At its most basic level, Unit Testing in any language provides assertions against some known or expected output.
function assert( outcome, description ) {
var passFail = outcome ? 'pass' : 'fail';
console.log(passFail, ': ', description);
return outcome;
};
The popular assertion method above shows us one quick and easy way to assert a value in most web browsers and interpreters like Node.js with virtually any version of ECMAScript.
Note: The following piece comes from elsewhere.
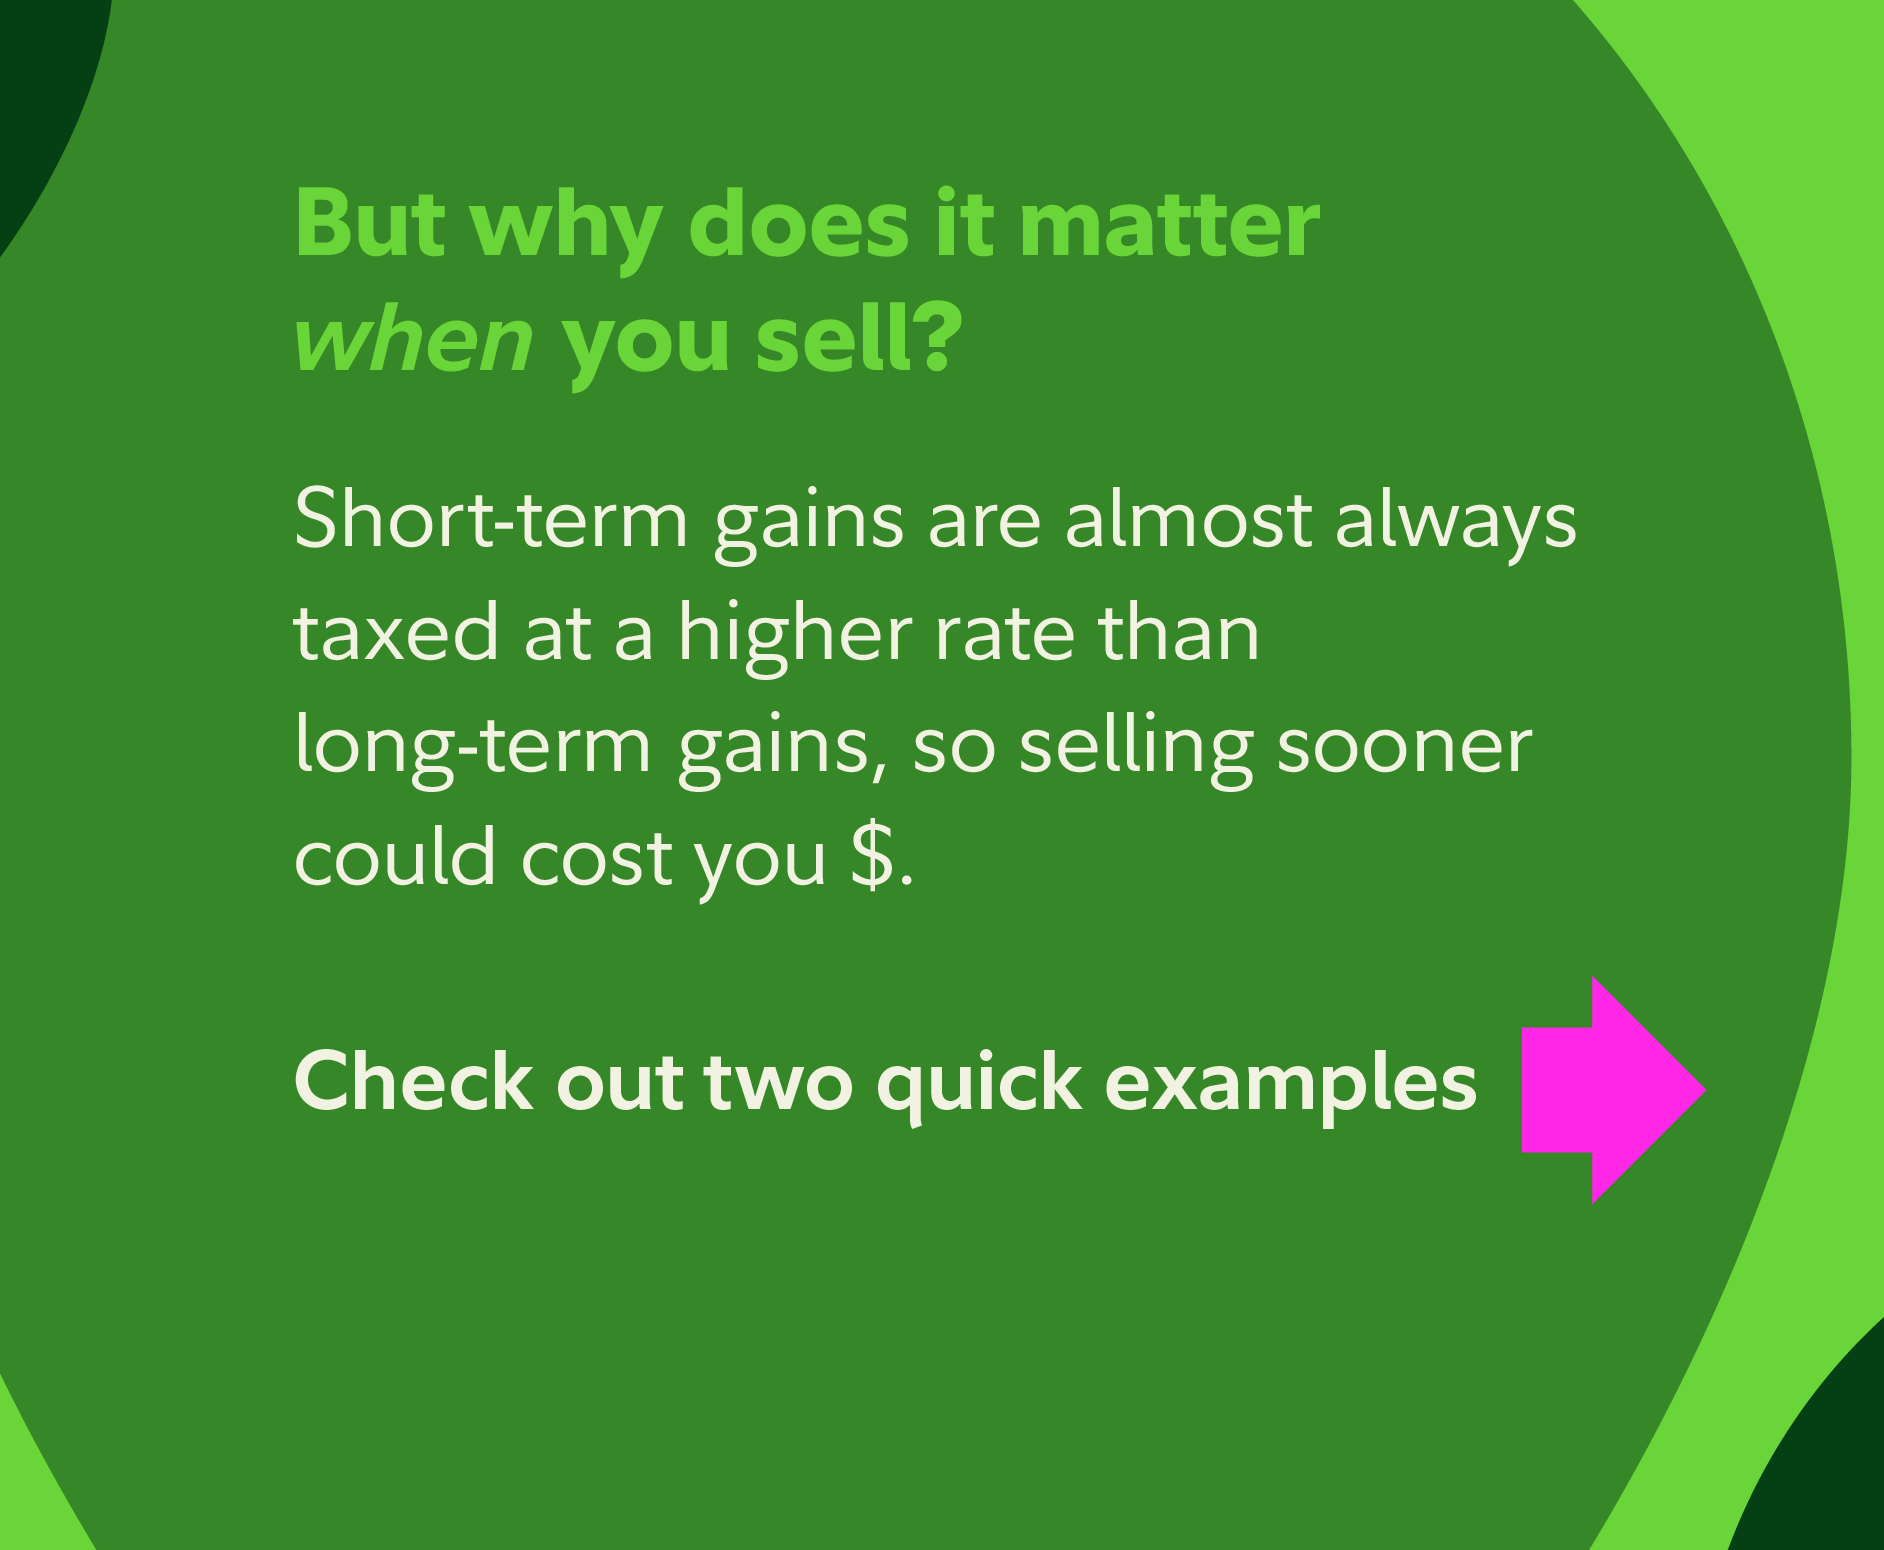 But why does it matter when you sell? Short-term gains are almost always taxed at a higher rate than long-term gains, so selling sooner could cost you $. Check out two quick examples.

A good unit test is designed to test a discreet unit of code; usually a function.
function add(num1, num2) {
return num1 + num2;
}
var result = add(5, 20);
assert( result == 24, 'add(5, 20) should return 25...');
In the example above, the return value from the function add(x, y)
or 5 + 20
is clearly 25
, so our assertion of 24
should fail, and the assert method will log a "fail" line.
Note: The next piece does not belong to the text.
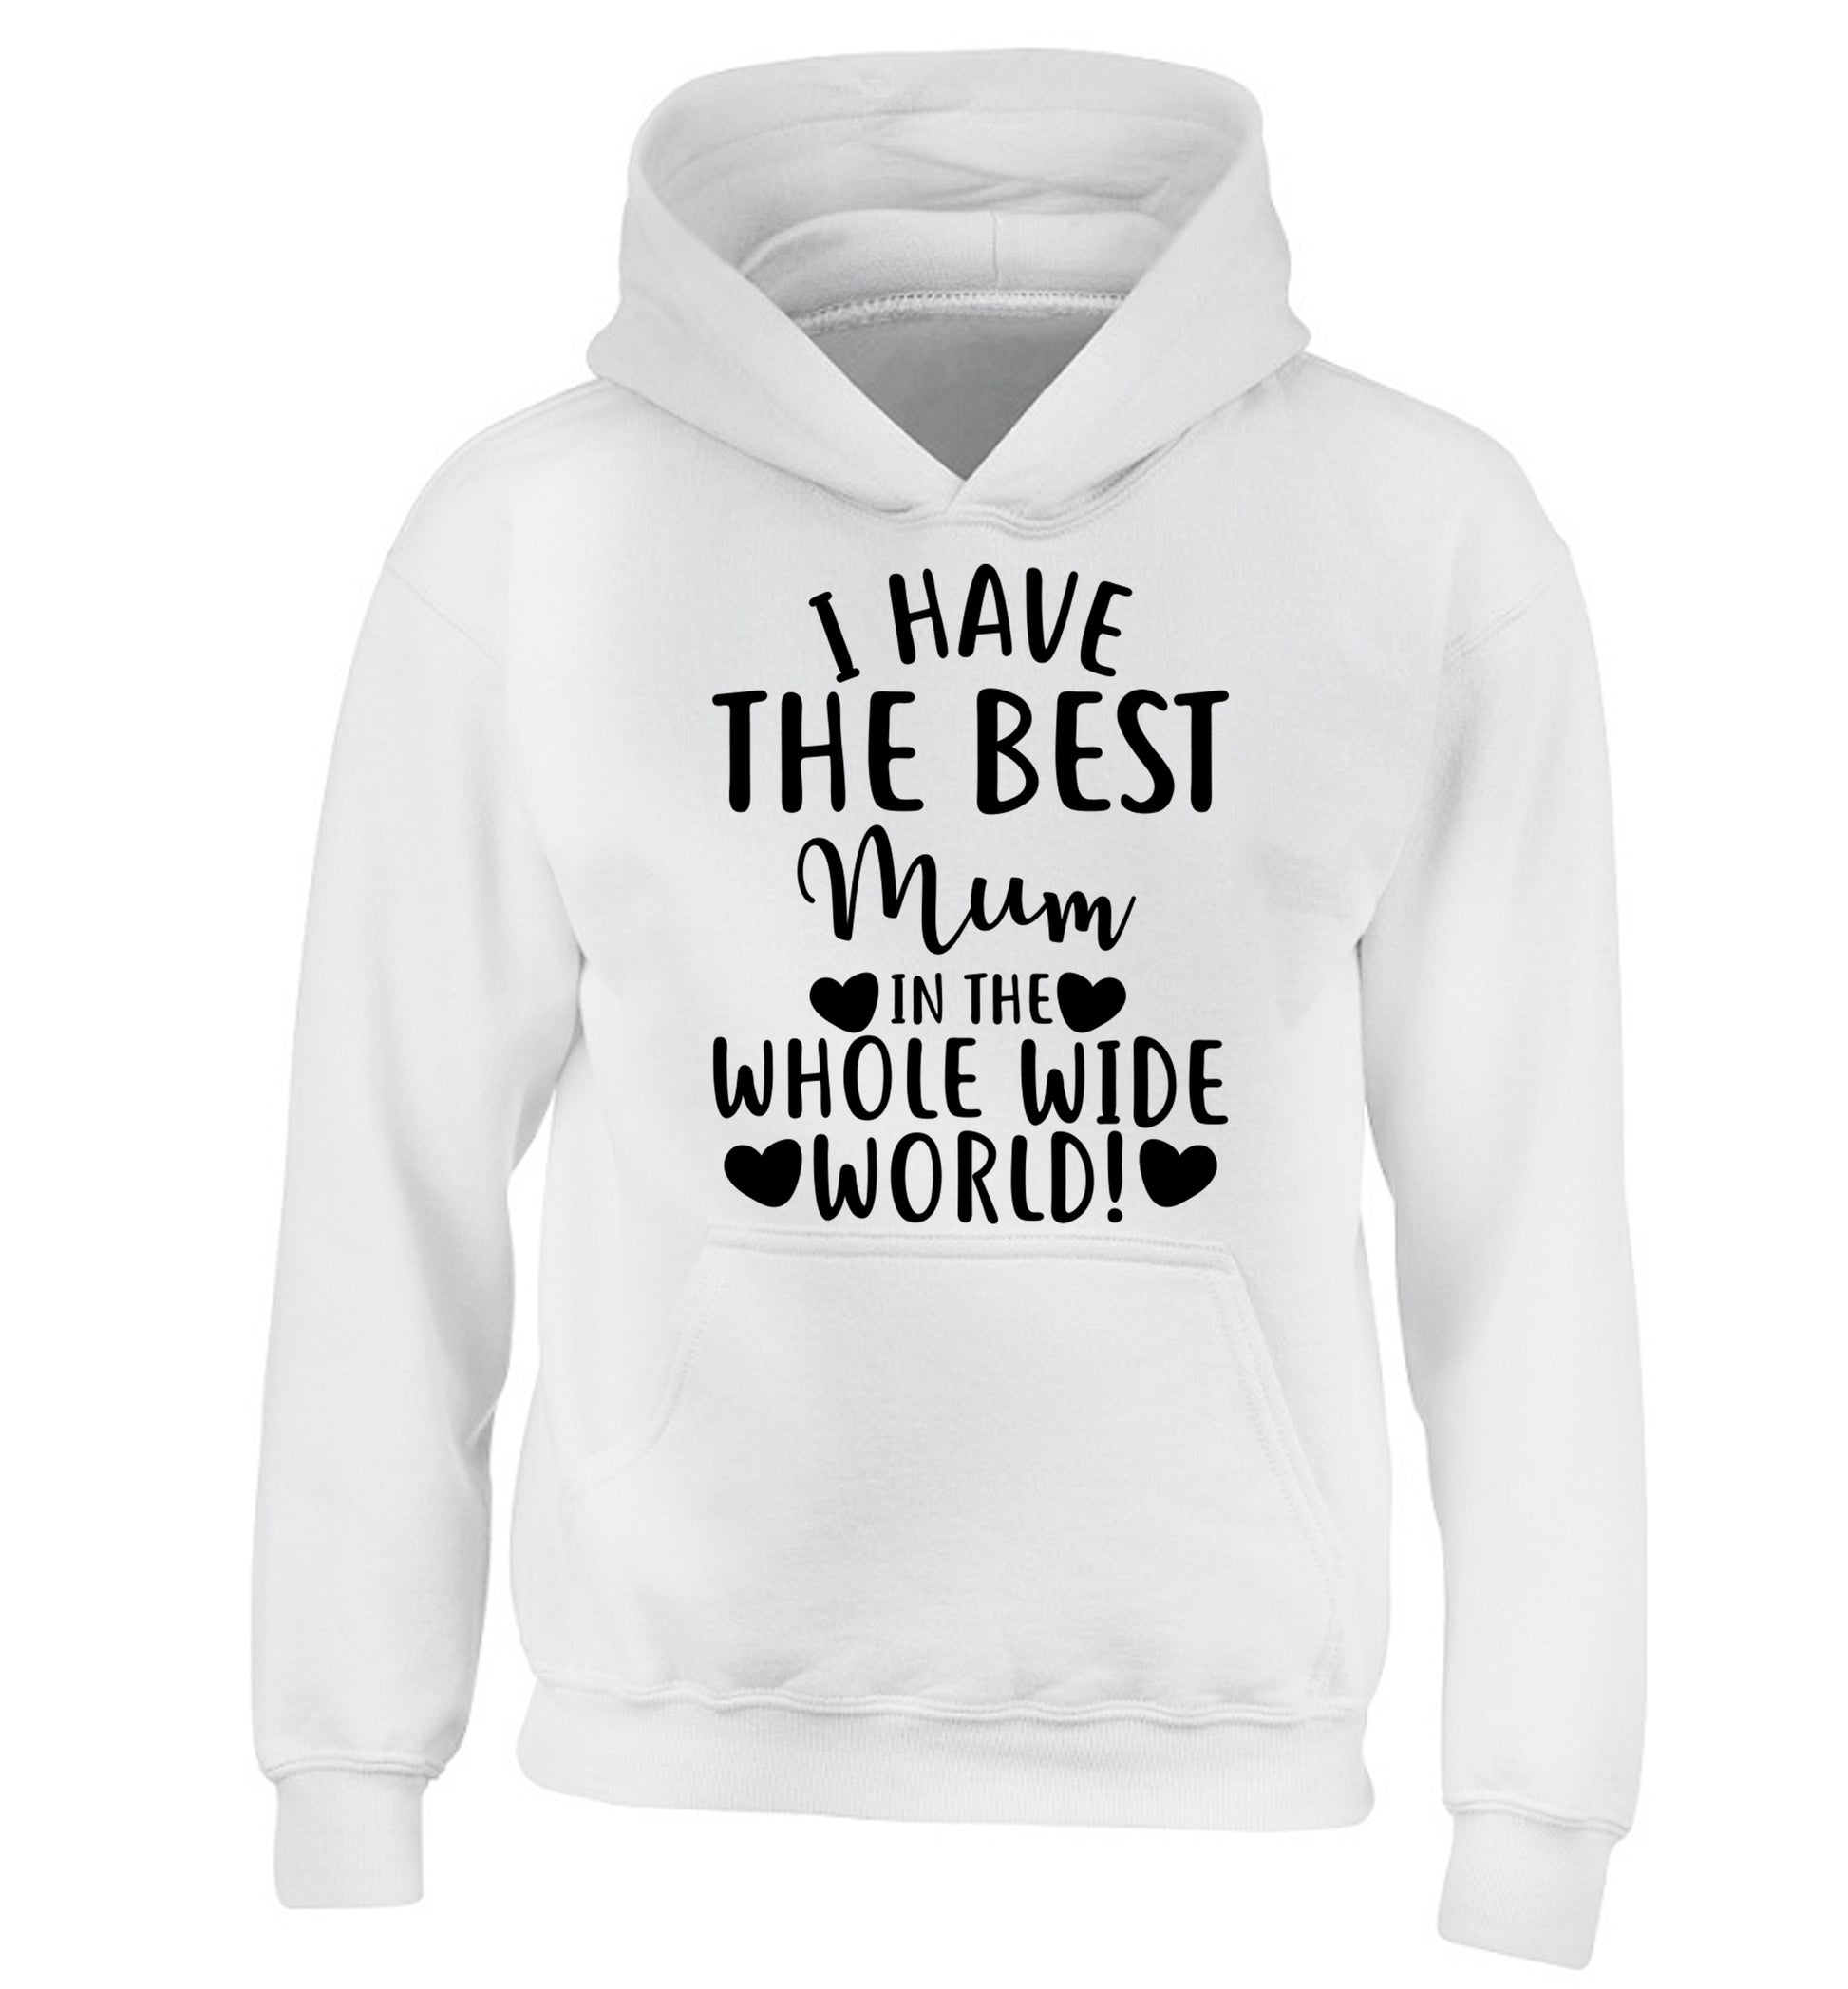 I have the best mum in the whole wide world! children's white hoodie 12-13 Years

If we simply modify our expected assertion outcome, the test will succeed and the resulting output would look something like this.
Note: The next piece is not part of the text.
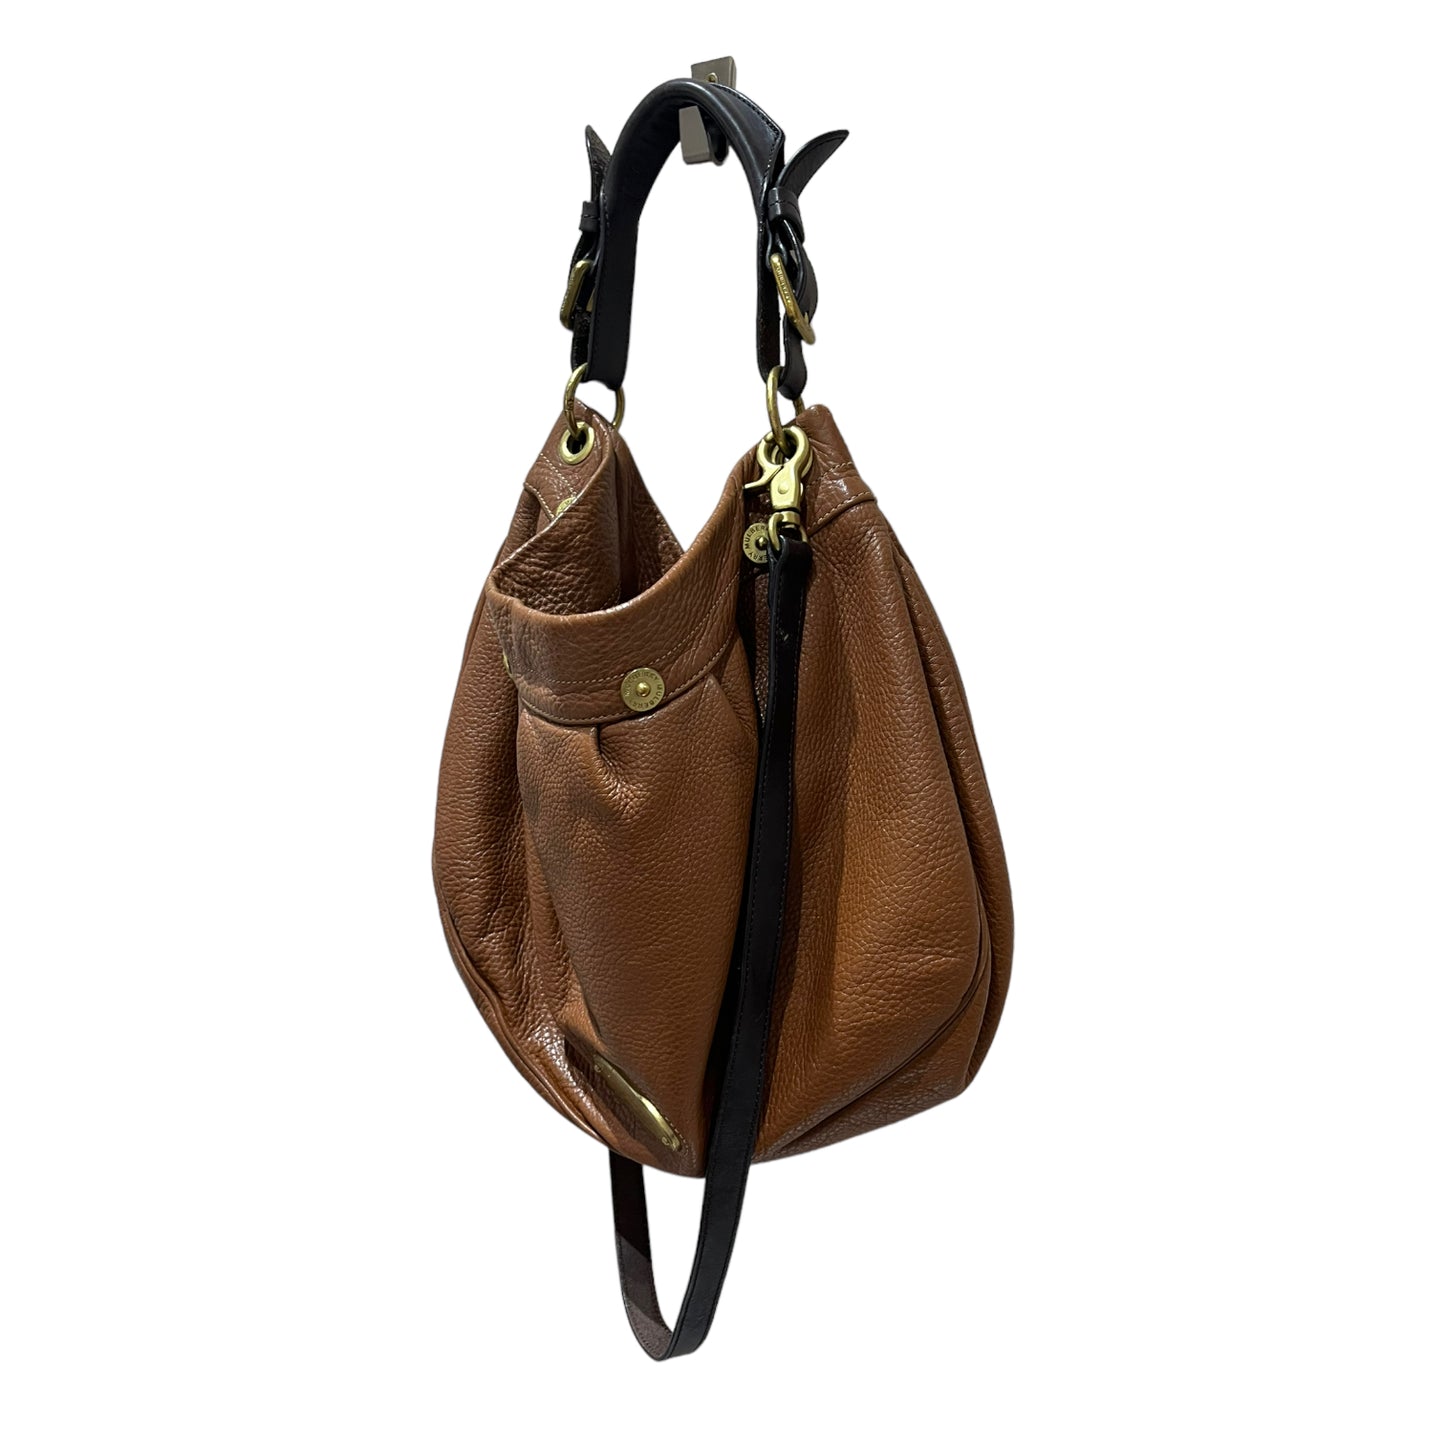 Mulberry Mitzy Tan Leather Bag

assert( result == 25, 'add(5, 20) should return 25...');
console output:
> pass: should return 25...
This simple assertion can assure that in many different cases, your "add" function will always return the expected result and requires no additional frameworks or libraries to work.
A more rigorous set of assertions would look like this (using var result = add(x,y)
for each assertion):
assert( result == 0, 'add(0, 0) should return 0...');
assert( result == -1, 'add(0, -1) should return -1...');
assert( result == 1, 'add(0, 1) should return 1...');
And console output would be this:
> pass: should return 0...
> pass: should return -1...
> pass: should return 1...
We can now safely say that add(x,y)
… should return the sum of two integers. We can roll these up into something like this:
function test__addsIntegers() {
// expect a number of passed assertions
var passed = 3;
// number of assertions to be reduced and added as Booleans
var assertions = [
assert( add(0, 0) == 0, 'add(0, 0) should return 0...'),
assert( add(0, -1) == -1, 'add(0, -1) should return -1...'),
assert( add(0, 1) == 1, 'add(0, 1) should return 1...')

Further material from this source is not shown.